--- AIM OF THE TASK ---
Copy exactly the lines of the data below that run from the line holding "ANTIQUE JAPANESE COMPOSITE" through the line holding "Chanel Metallic Copper", both ends included.

(Excerpts from a dataset)
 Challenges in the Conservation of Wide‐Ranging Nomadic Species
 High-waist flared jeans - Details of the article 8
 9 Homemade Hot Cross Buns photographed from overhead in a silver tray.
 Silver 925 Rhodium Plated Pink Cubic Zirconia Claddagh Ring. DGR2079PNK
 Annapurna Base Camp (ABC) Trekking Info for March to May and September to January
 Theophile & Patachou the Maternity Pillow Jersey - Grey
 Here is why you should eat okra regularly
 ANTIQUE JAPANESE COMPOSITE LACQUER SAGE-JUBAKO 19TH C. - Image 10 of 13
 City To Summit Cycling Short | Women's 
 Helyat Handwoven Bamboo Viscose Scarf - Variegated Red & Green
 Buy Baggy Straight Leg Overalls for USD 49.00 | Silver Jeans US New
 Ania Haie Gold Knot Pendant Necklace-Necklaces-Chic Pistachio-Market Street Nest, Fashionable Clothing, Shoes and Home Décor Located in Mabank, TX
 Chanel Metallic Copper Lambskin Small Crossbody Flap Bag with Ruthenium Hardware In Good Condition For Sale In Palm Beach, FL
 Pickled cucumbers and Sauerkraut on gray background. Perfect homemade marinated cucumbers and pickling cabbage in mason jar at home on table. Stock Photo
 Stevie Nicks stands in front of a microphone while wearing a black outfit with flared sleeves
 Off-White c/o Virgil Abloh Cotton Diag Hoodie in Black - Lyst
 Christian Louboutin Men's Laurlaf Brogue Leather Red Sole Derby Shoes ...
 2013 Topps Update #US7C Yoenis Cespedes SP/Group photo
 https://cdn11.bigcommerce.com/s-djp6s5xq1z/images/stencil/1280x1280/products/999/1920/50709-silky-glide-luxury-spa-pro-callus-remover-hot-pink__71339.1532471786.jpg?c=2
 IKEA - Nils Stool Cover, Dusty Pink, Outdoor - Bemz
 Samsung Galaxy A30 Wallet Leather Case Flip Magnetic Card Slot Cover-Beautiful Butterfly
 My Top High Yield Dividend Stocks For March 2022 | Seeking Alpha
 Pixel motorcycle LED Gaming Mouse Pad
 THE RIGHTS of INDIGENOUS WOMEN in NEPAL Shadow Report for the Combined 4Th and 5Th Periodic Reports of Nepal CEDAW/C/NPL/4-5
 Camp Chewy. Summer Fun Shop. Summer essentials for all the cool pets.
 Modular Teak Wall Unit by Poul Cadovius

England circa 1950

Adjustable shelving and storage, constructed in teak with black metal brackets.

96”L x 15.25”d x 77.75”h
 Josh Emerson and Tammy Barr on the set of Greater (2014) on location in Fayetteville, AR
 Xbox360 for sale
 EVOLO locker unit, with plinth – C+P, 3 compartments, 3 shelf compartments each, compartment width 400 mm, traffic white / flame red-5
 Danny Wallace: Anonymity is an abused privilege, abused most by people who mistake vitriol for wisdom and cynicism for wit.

--- RESPONSE ---
 ANTIQUE JAPANESE COMPOSITE LACQUER SAGE-JUBAKO 19TH C. - Image 10 of 13
 City To Summit Cycling Short | Women's 
 Helyat Handwoven Bamboo Viscose Scarf - Variegated Red & Green
 Buy Baggy Straight Leg Overalls for USD 49.00 | Silver Jeans US New
 Ania Haie Gold Knot Pendant Necklace-Necklaces-Chic Pistachio-Market Street Nest, Fashionable Clothing, Shoes and Home Décor Located in Mabank, TX
 Chanel Metallic Copper Lambskin Small Crossbody Flap Bag with Ruthenium Hardware In Good Condition For Sale In Palm Beach, FL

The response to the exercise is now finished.